2011-11-03 10:35:01 | ドラマ・映画
 希衣(本田望結)の奮闘で、家族が集まり、恵一(長谷川博己)も希衣に平手打ちをし、父親らしい態度を見せますが、最後の最後で子どもたちを愛しているか分からないと、家族修復のチャンスを自らぶっ壊してしまった。
 おまけに、結城義之(平泉成)に自殺の事実がバレ、すったもんだの揚句、子どもたちが阿須田の家に住み、恵一はミタさん(松嶋奈々子)に一家の世話をするよう依頼し、出ていった。


★「何だよそれ」
 長男の翔(中川大志)が、家族やたくさんの視聴者の気持ちを代弁した台詞。
 阿須田一家の話の流れ自体は、ベタな展開だったので、取りあえず一家が一緒に住むか、それに納得できない長女の結(忽那汐里)だけが別居するという展開かと思ったが、さらにこじれてしまった。
 あくまで、へたれな恵一だったが、よく考えると、「よくわからない」というのが本当のところなのだろう。彼にしてみれば、結婚したところから子どもや自分をだまし続けてきた虚構の時間だったのだから。今回のことで、そういった虚構の家(時間)が、根本から崩れ去ってしまい、たとえ、その中に真実の気持が含まれていたとしても、そこだけ救いあげて、自分の気持ちを再構築するのは無理なのかもしれない。
 空気を読んで、「好きだよ」という気力が起きなかったのは、ある意味、仕方がないことだった。それに恵一もここで不確かな言葉を発すること自体、罪の意識があったのだろう。とはいえ、恵一にもう少しだけ強さがあったなら、「好きだよ」と言えたはず。もっとも、その強さがあったのなら、こういう事態になっていないか。

★今週のミタさん
・どん底の状態の恵一にかまわず、淡々と業務をこなす。希衣の心のこもった折り紙をもサッサと捨てるミタさんには、恵一ならずも「あっ」と言ってしまった
・心配するうららの電話に「大したことないんだ」とごまかそうとした瞬間、ヤカンが沸騰する「ピー」という音を鳴らす神技を駆使し、うららに真実を打ち明けさせる
・愚痴る恵一に全く同調せず、それに切れた恵一にクビを言い渡される
・希衣に雇われ、一家を仲直りさせる算段を練らされる。
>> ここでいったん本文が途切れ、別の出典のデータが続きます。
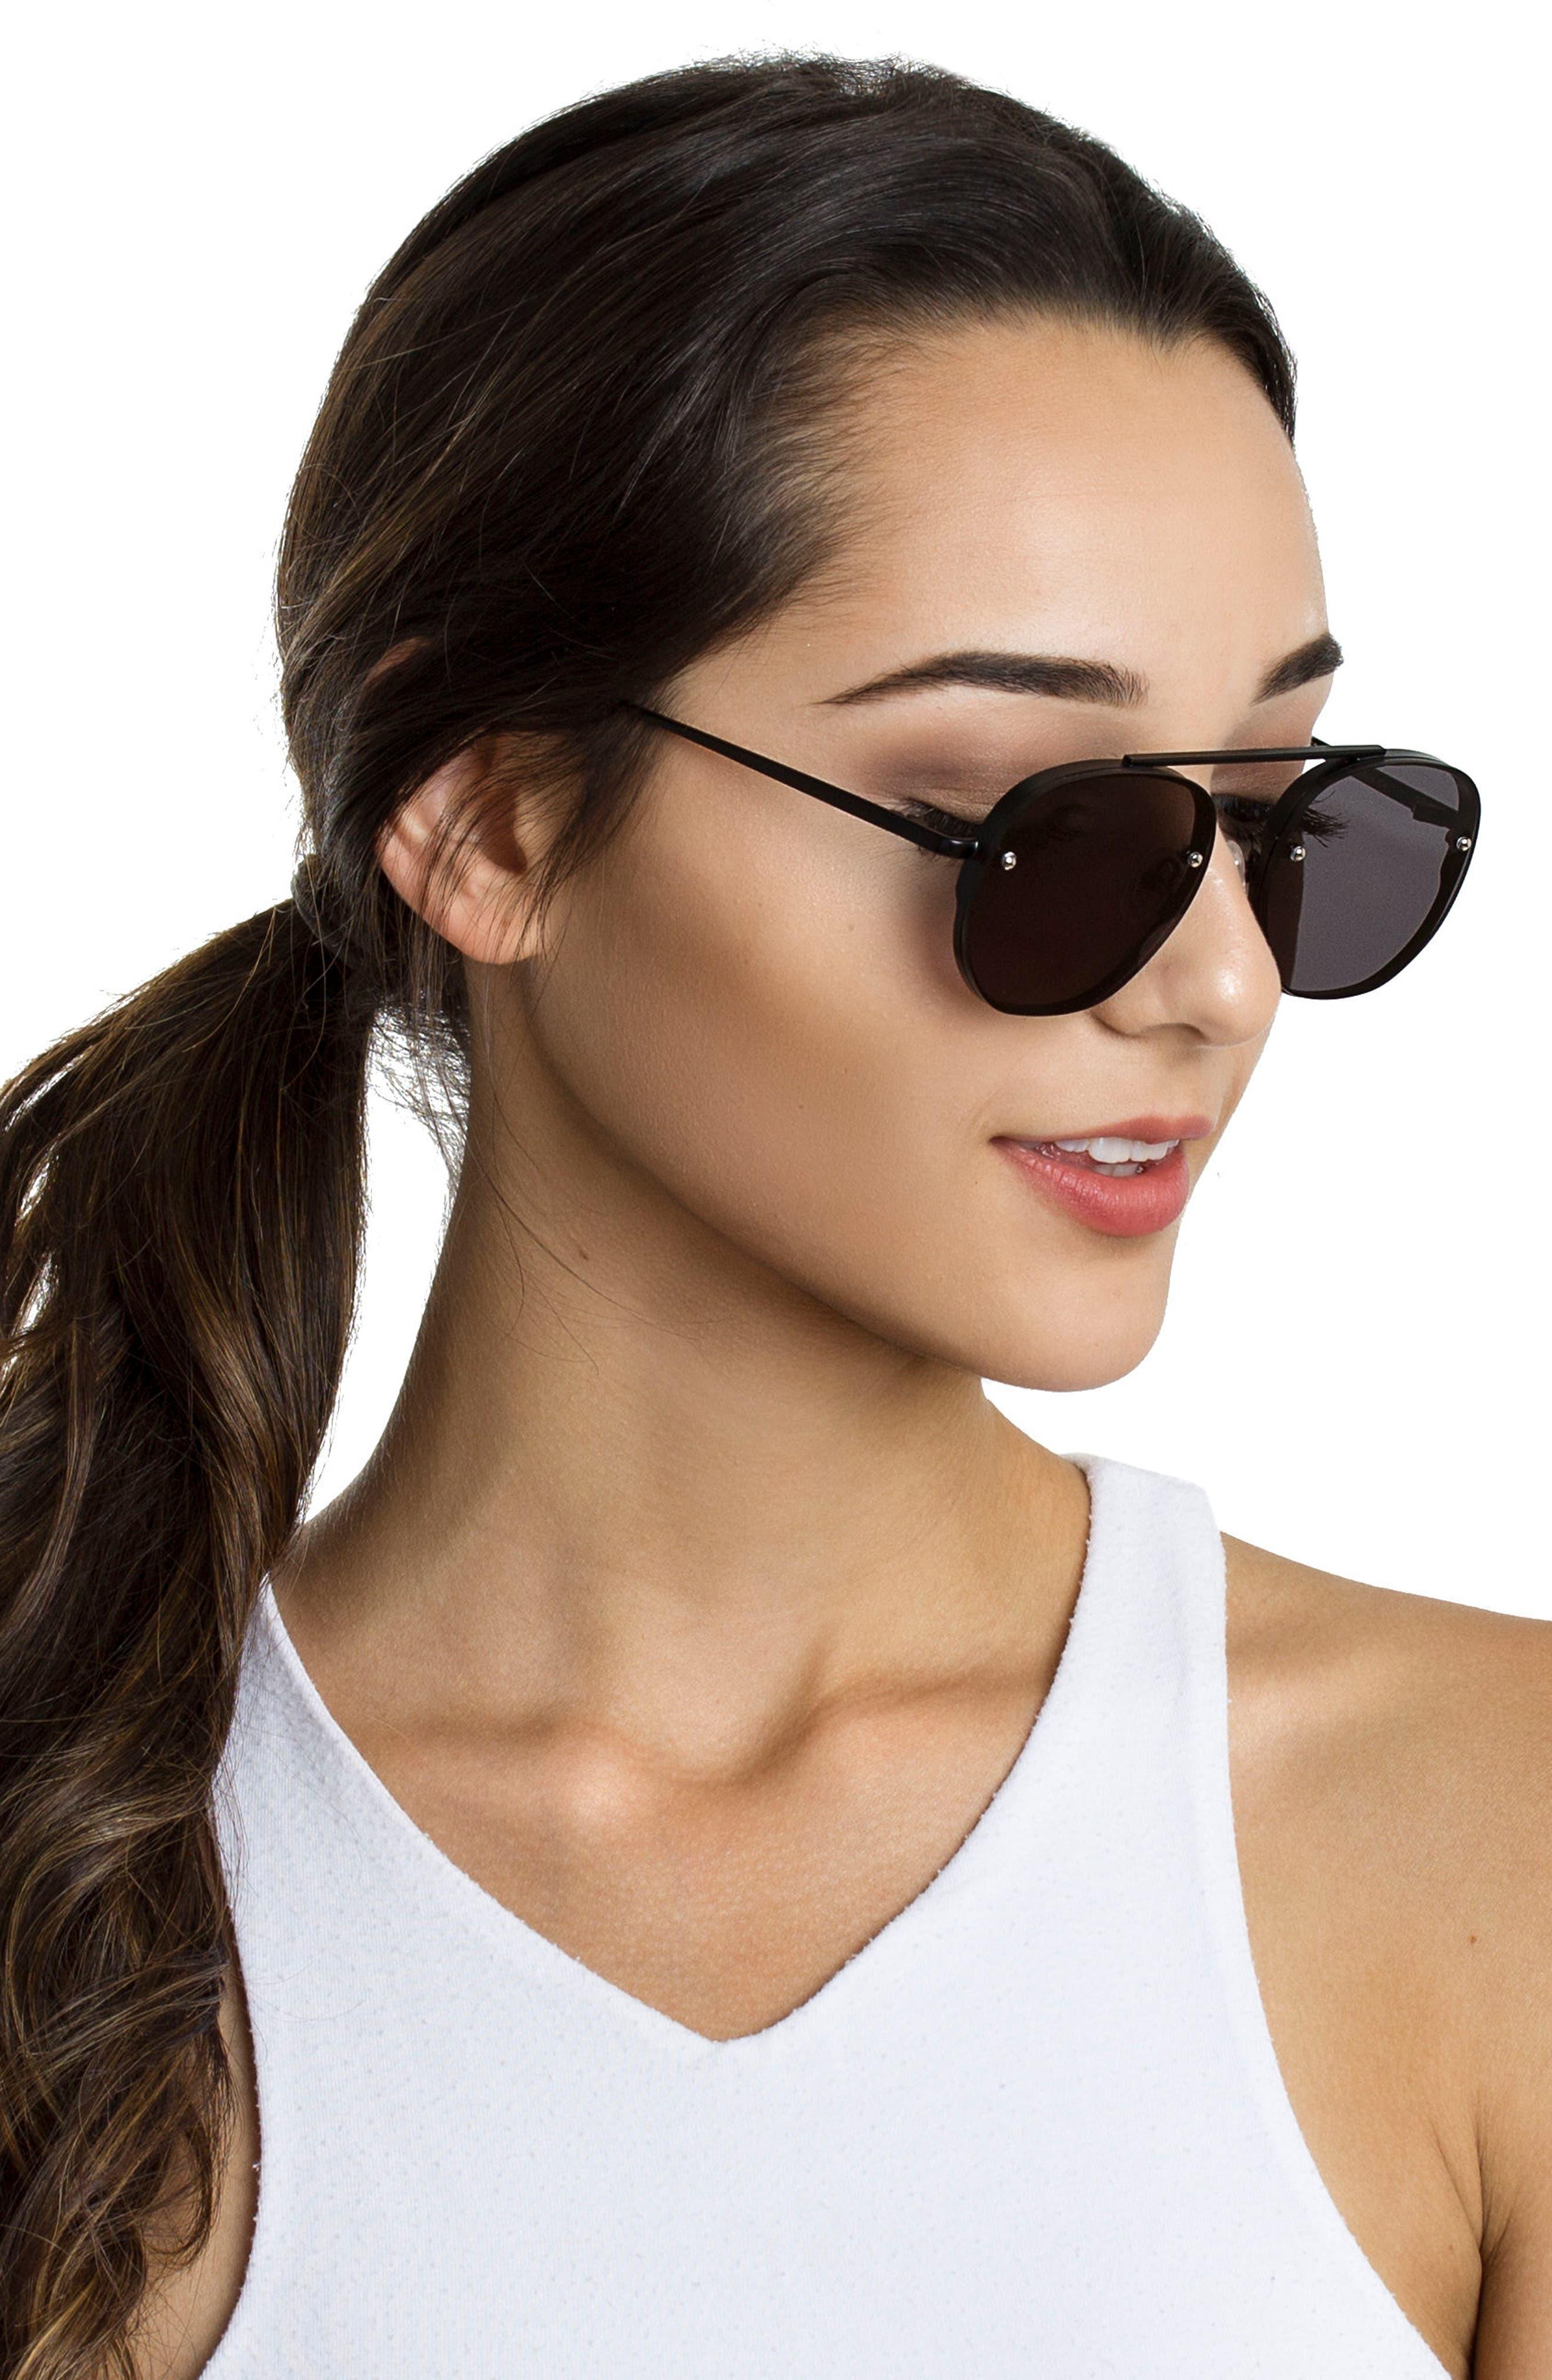 Traction 52mm Aviator Sunglasses,                             Alternate thumbnail 2, color,                             Gravity Black

その手段として
「事故に遭う」という希衣に「とても痛いですけど大丈夫ですか?」と
問いただすミタさんに、ブラックなものを感じた。
・「じゃあ、希衣、どうしたらいいの?」と問う5歳の希衣にも「それは、あなたが決めることです」と試練を与える
・希衣の願いを聞き入れ、ガラクタ置き場の冷蔵庫を閉めたミタさんの顔が『世にも奇妙な物語』の世界だった
・子どもたちとの電話の中で、伝言を伝える時、翔に対して「翔ちゃんはうるさいから黙ってて」というのがミタさんの創作だったら面白いのになあ。希衣の言葉であったとしても面白く、何も反論せず黙っていた翔も面白い(この後、推理を働かせた海斗(綾部守人)は賢い!)
。一家が家に到達した時、ミタさんが庭にいたのはベランダから落ちる可能性のある希衣を受けとめるため?隣の部屋の窓を開けておいたのも芸が細かい
・今週の四次元かばんから出てきたのは、懐中電灯(しかもLEDライト)だった
・しっかりお父さんの石を探し出していた


★今週のうらら
 今週は活躍。
 けっこうまともに見えた。が、その瞬間、「ああ、やっぱりウザい」と思わせるのは流石である。
 子どもたちの荷物を取りに来た時の恵一との会話で、お互いに無意識に傷つけ合っていたシーンは笑えた。
 恵一や子どもたちが希衣を探している最中の電話、希衣がベランダに腰掛けている緊迫の場面で声を掛ける……まさに最悪の絶妙のタイミングだった


 娘に「そっち」と呼ばれてしまう恵一だが、自分に正直になっている分だけマシか。
 「子どもが悪いことをしたら叱るのは当たり前です。あなたが父親なら」と言い、「お父さんの石」を希衣に渡さず恵一に託すミタさん、ここにミタさんの意思を感じる。石を握りしめる恵一、去っていく恵一をじっと見つめるミタさんは何を思う?